(PA41) Abstinence in Alcoholics Induces a Flare-up of Oxidative Stress: Effect of Potent Oral Antioxidant

Title ABSTINENCE IN ALCOHOLICS INDUCES A FLARE-UP OF OXIDATIVE STRESS:
EFFECT OF A POTENT ORAL ANTIOXIDANT
Author Marotta F, Tajiri H, Safran P, Rezakovic I, Id o G.
Publisher  International Symposium for Oxidative Stress, Redox Regulation and Signal Transduction, Clinical Implications
Organ
Category

ABSTINENCE IN ALCOHOLICS INDUCES A FLARE-UP OF OXIDATIVE STRESS:

EFFECT OF A POTENT ORAL ANTIOXIDANT

 

1Marotta F, 2Tajiri H, 3Safran P, 3Rezakovic I, 1Id o G.

1Hepato-Gastroenterology Dept., S. Giuseppe Hosp., Milano, Italy; 2Endoscopy Div., Natl. Cancer Cntr. East, Chiba, Japan; 3SFJO & Labs., Paris, France.

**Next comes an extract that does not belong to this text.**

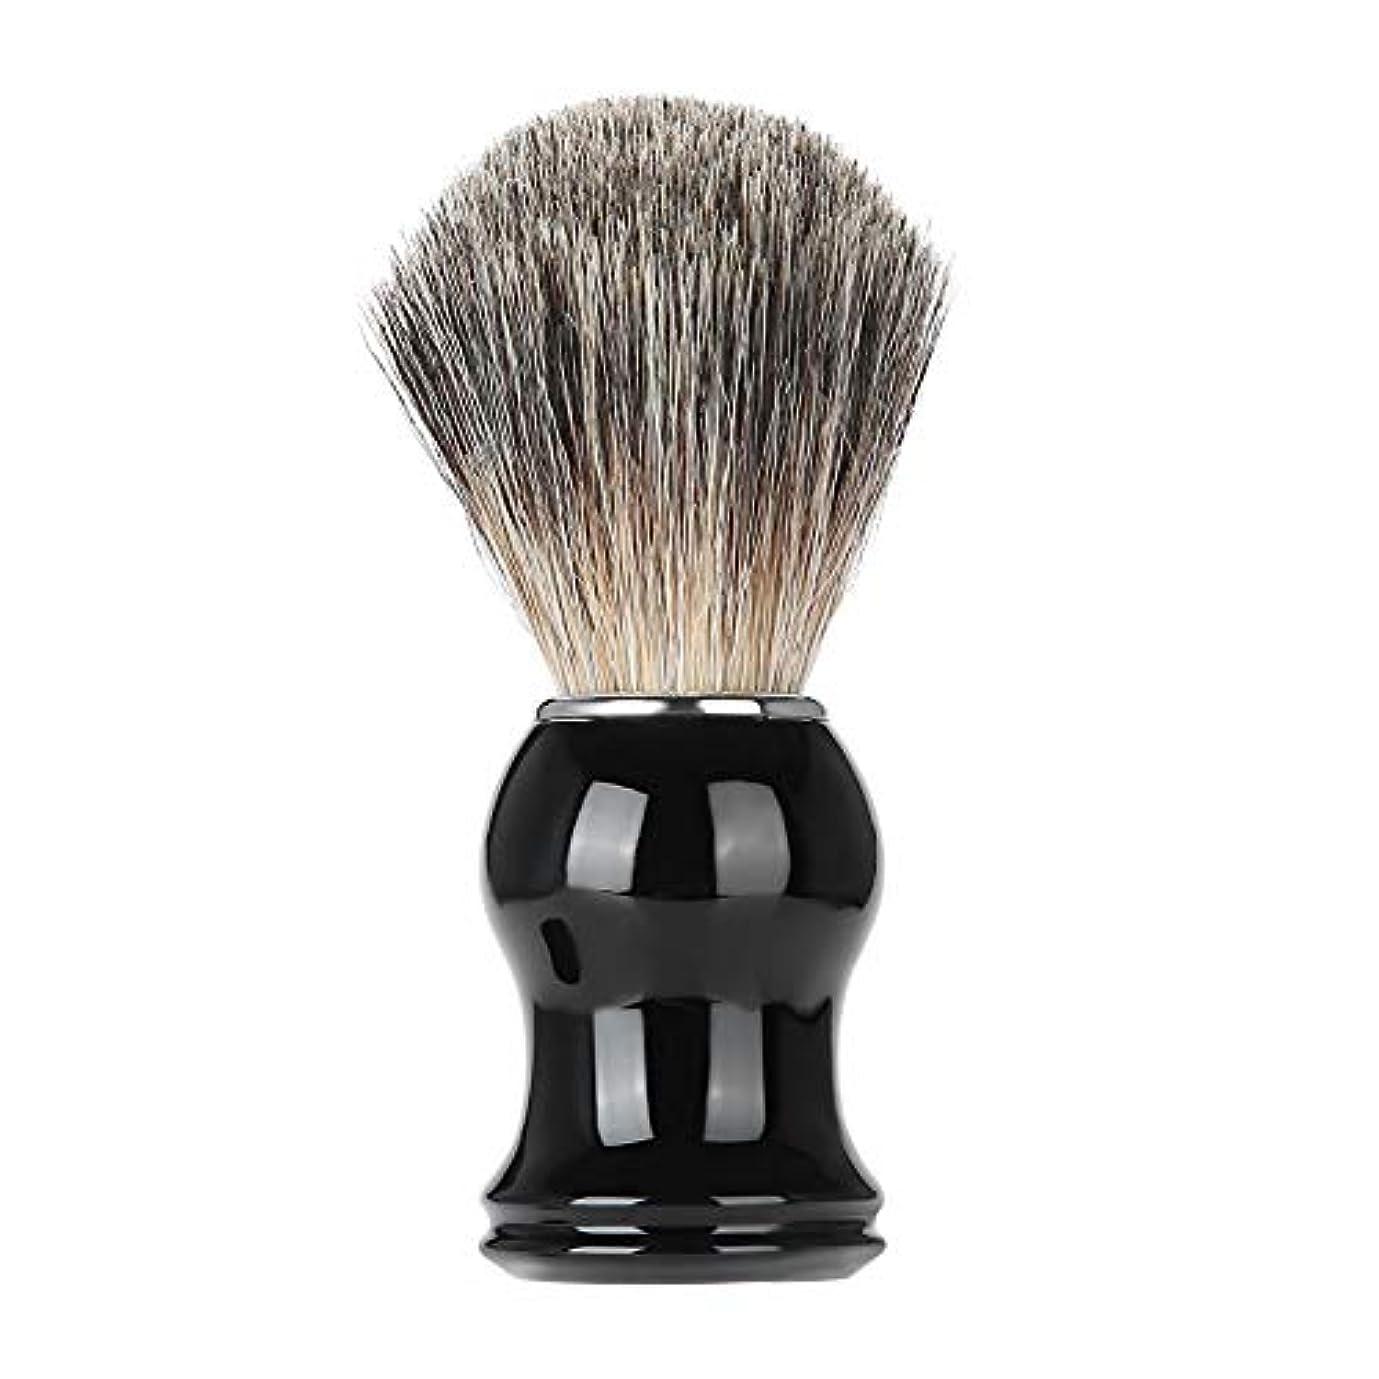 論争的それにもかかわらず運賃Nitrip シェービングブラシ ひげブラシ ひげケア アナグマ毛 理容 洗顔 髭剃り 泡立ち シェービング用アクセサリー 男性用 高級

It has been shown that an increased metabolic activity of the microsomal ethanoloxidizing system may persist independently of the constant intake of alcohol. This phenomenon might perpetuate a pro-oxidative condition during abstinence. The aim of this study was to address the issue of oxidative phenomena occurring in the early recovery phase of alcohol withdrawal in alcoholics while testing a novel acid- and heat-resistant oral antioxidant. Forty-six alcoholics (>80g to <120g/day) and known dietary intake were allocated into 2 groups and given 9g/day for one week of either placebo or Bio-Normalizer which is obtained by bio fermentation of medicinal plants (Carica Papaya, Pennisetum purpureum, Sechium edule, Osato Research Foundation, Gifu, Japan). Patients complied with stopping alcohol on the day they entered the treatment. Daily blood sampling was obtained during one week for routine tests, alcohol level and to check plasma and erythrocyte (RBC) levels of MDA, SOD, glutathione peroxide (GPX) and hydroperoxide level. Groups were comparable as for baseline biochemical parameters and for antioxidant status (α-tocopherol, ascorbic acid, selenium, MDA, SOD, hydroperoxide, GPX, RBC-MDA, RBC-SOD and RBC GPX). Fifteen age- and gender-matched teetotaller subjects served as healthy controls. Bio-Normalizer supplementation prevented the early increase of plasma MDA observed in placebo group (p<0.0l) while enabling a near-to-normal level of plasma and erythrocyte MDA by the 4th day. As compared to placebo group, Bio-Normalizer also prevented the significant drop of GPX (p<0.05) and the transient decrease of plasma SOD (p<0.05) compared to entry baseline values. Despite alcohol withdrawal, plasma lipid hydroperoxide level remained significantly elevated in the placebo group (p<0.00l vs healthy controls) but this phenomenon was rapidly improved by Bio-Normalizer in a time-course fashion (p<0.0l). These data suggest that Bio-Normalizer is able to prevent the free radicals-mediated lipoperoxidative changes that occur soon after alcohol withdrawal and to fasten the recovery mechanisms, thing of potential clinical application.